- _To do_
The reply should contain all the data below, repeated exactly, and none of the images.

- _Given material_
________________
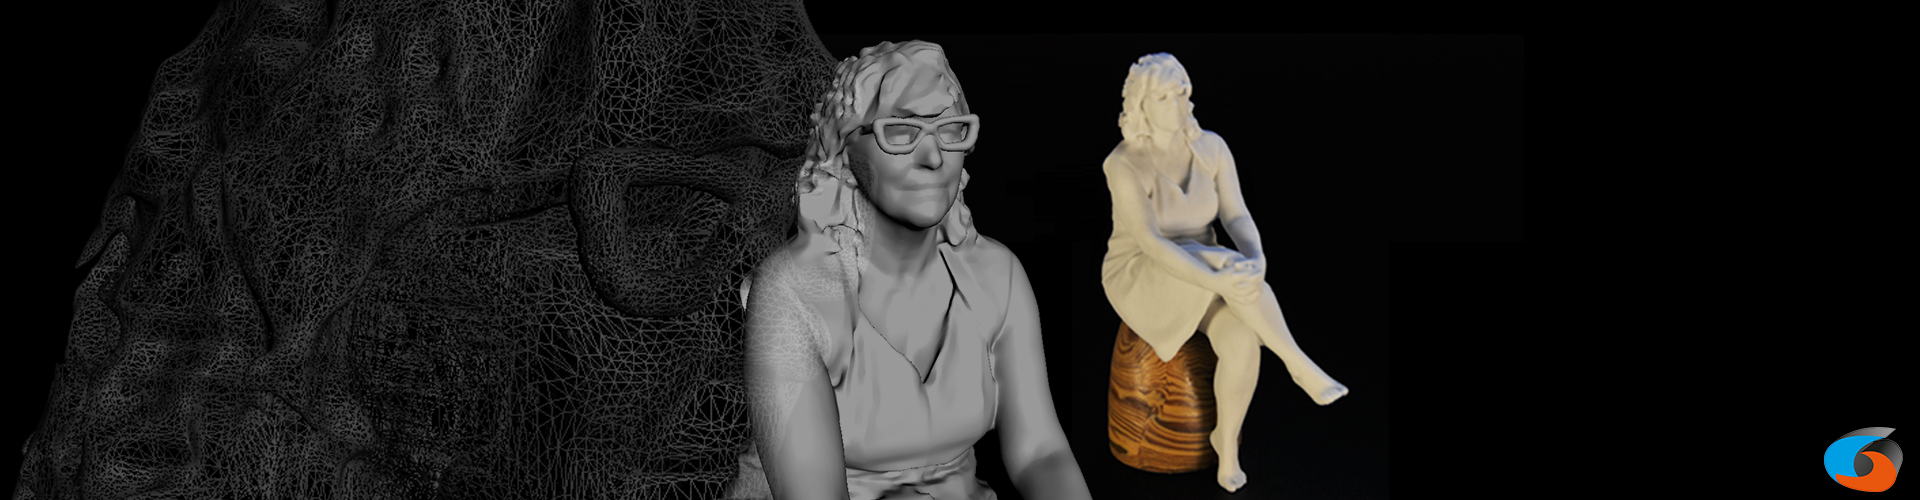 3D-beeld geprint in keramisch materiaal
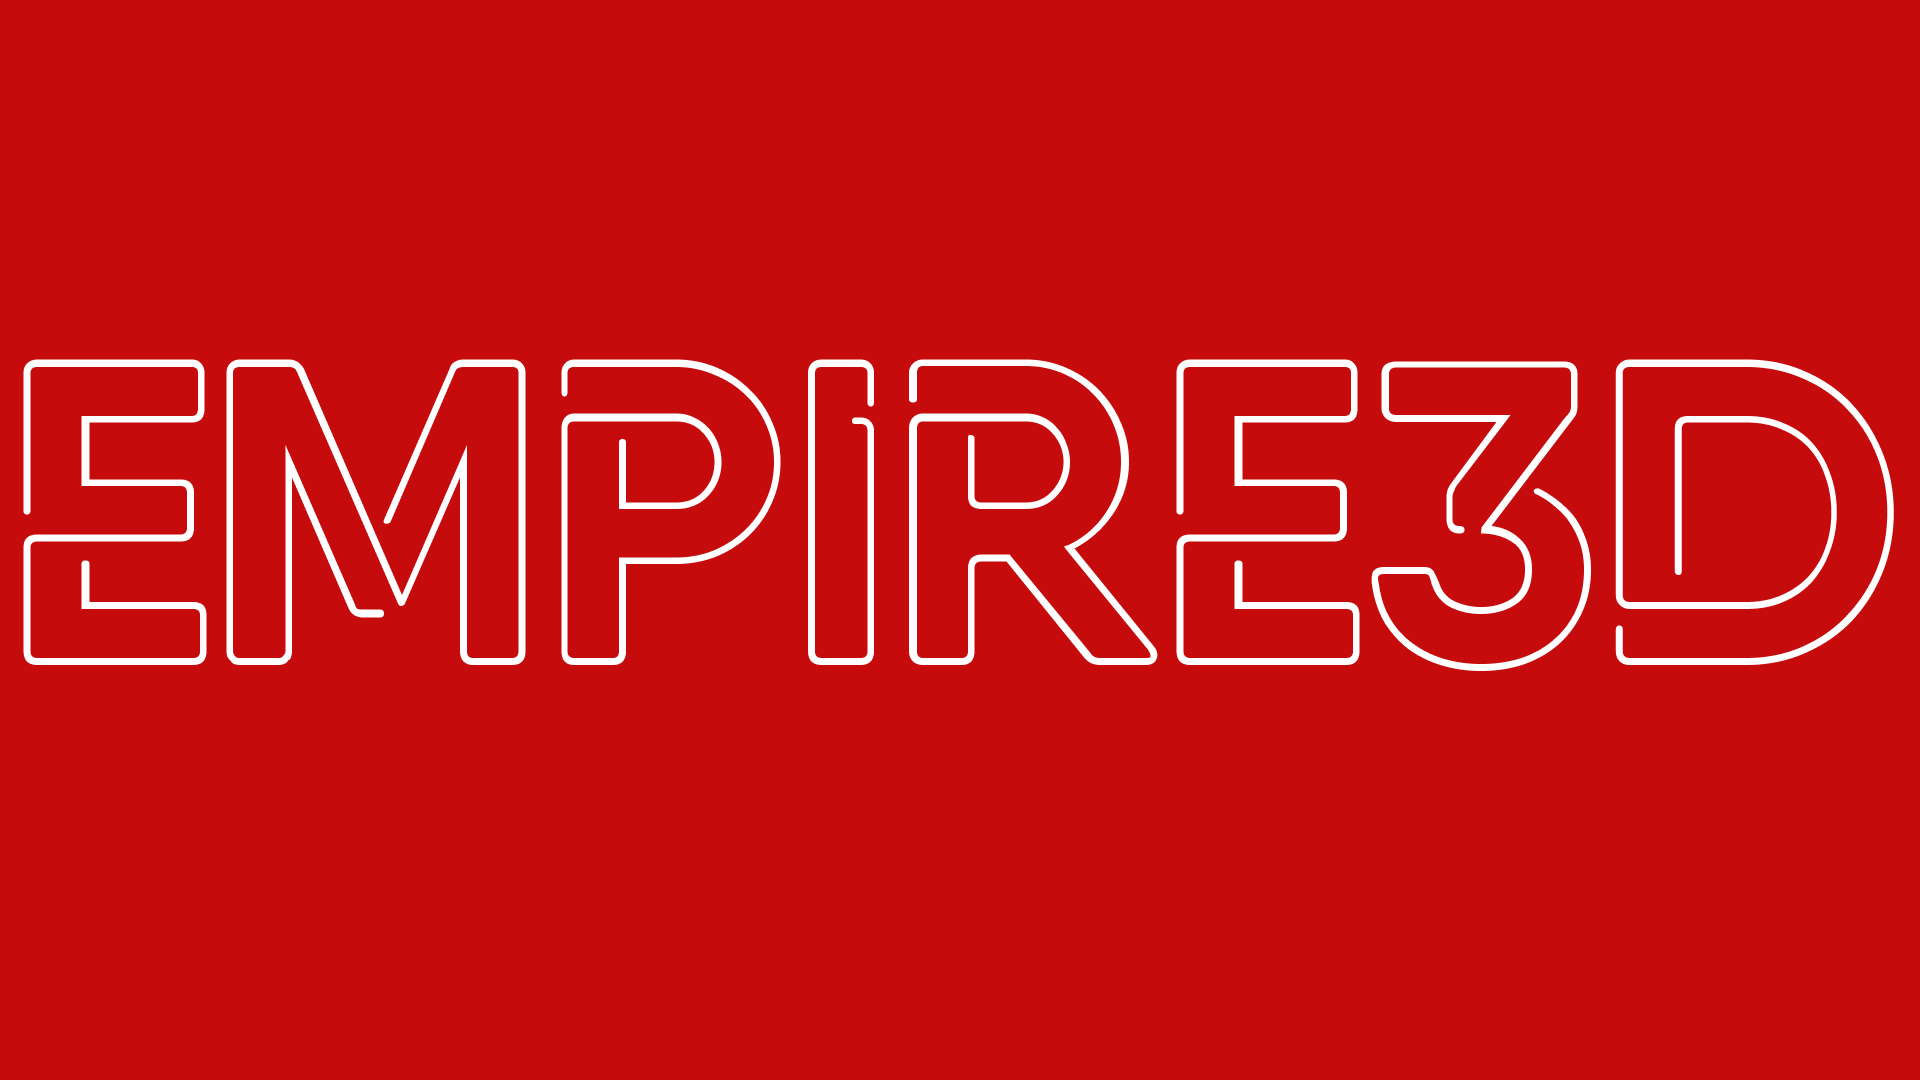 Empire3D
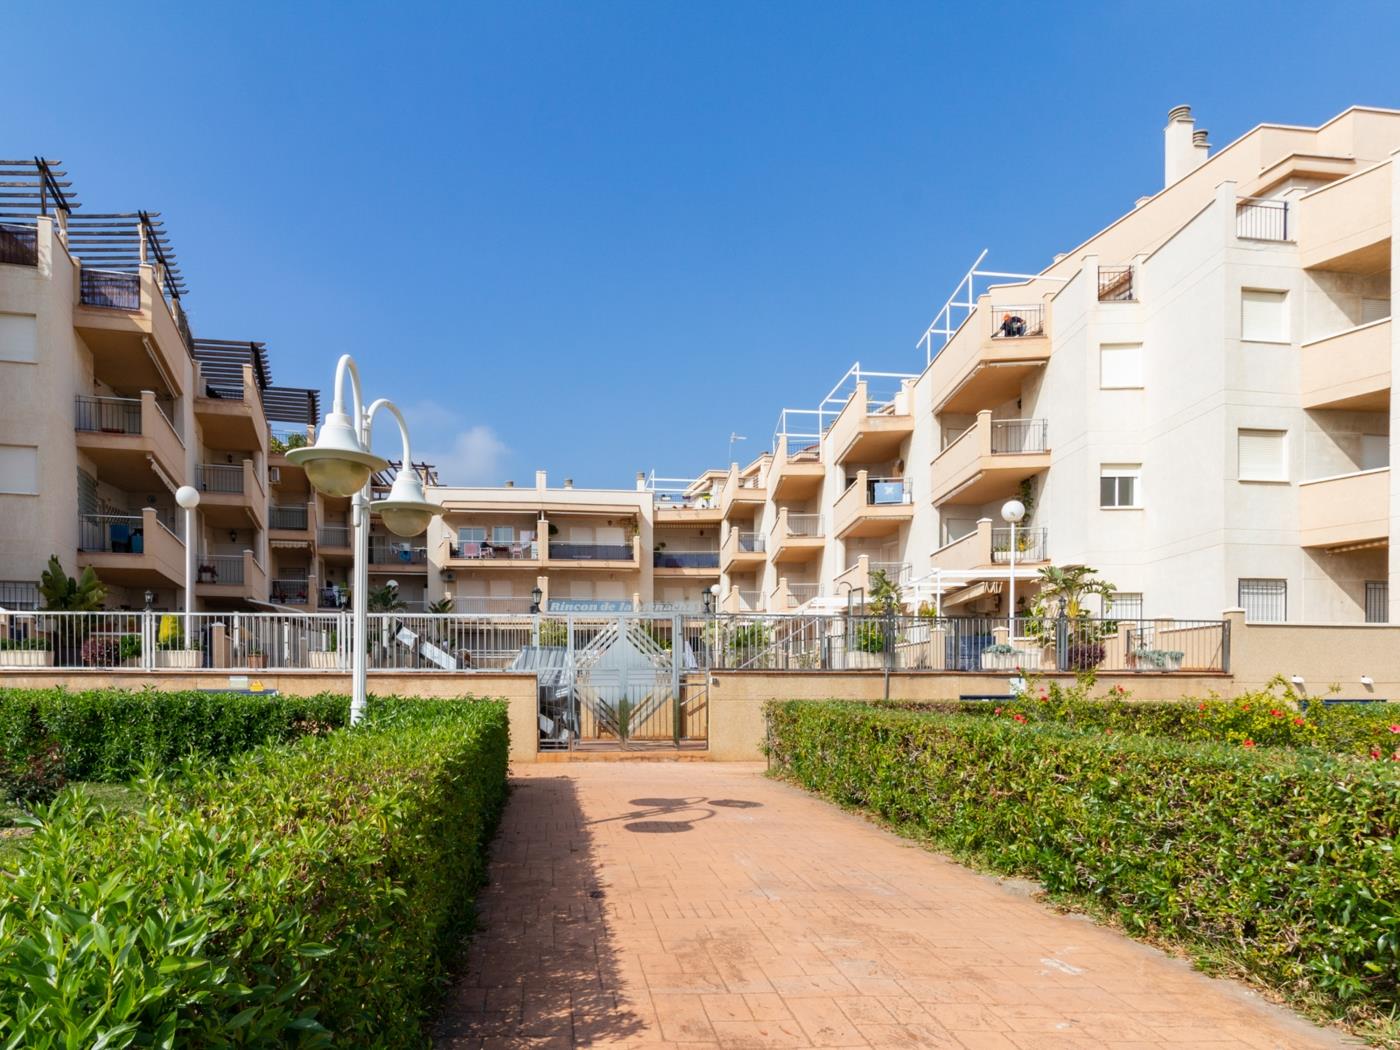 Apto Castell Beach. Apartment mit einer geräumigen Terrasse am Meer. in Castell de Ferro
________________
- _Task answer_
 3D-beeld geprint in keramisch materiaal
 Empire3D
 Apto Castell Beach. Apartment mit einer geräumigen Terrasse am Meer. in Castell de Ferro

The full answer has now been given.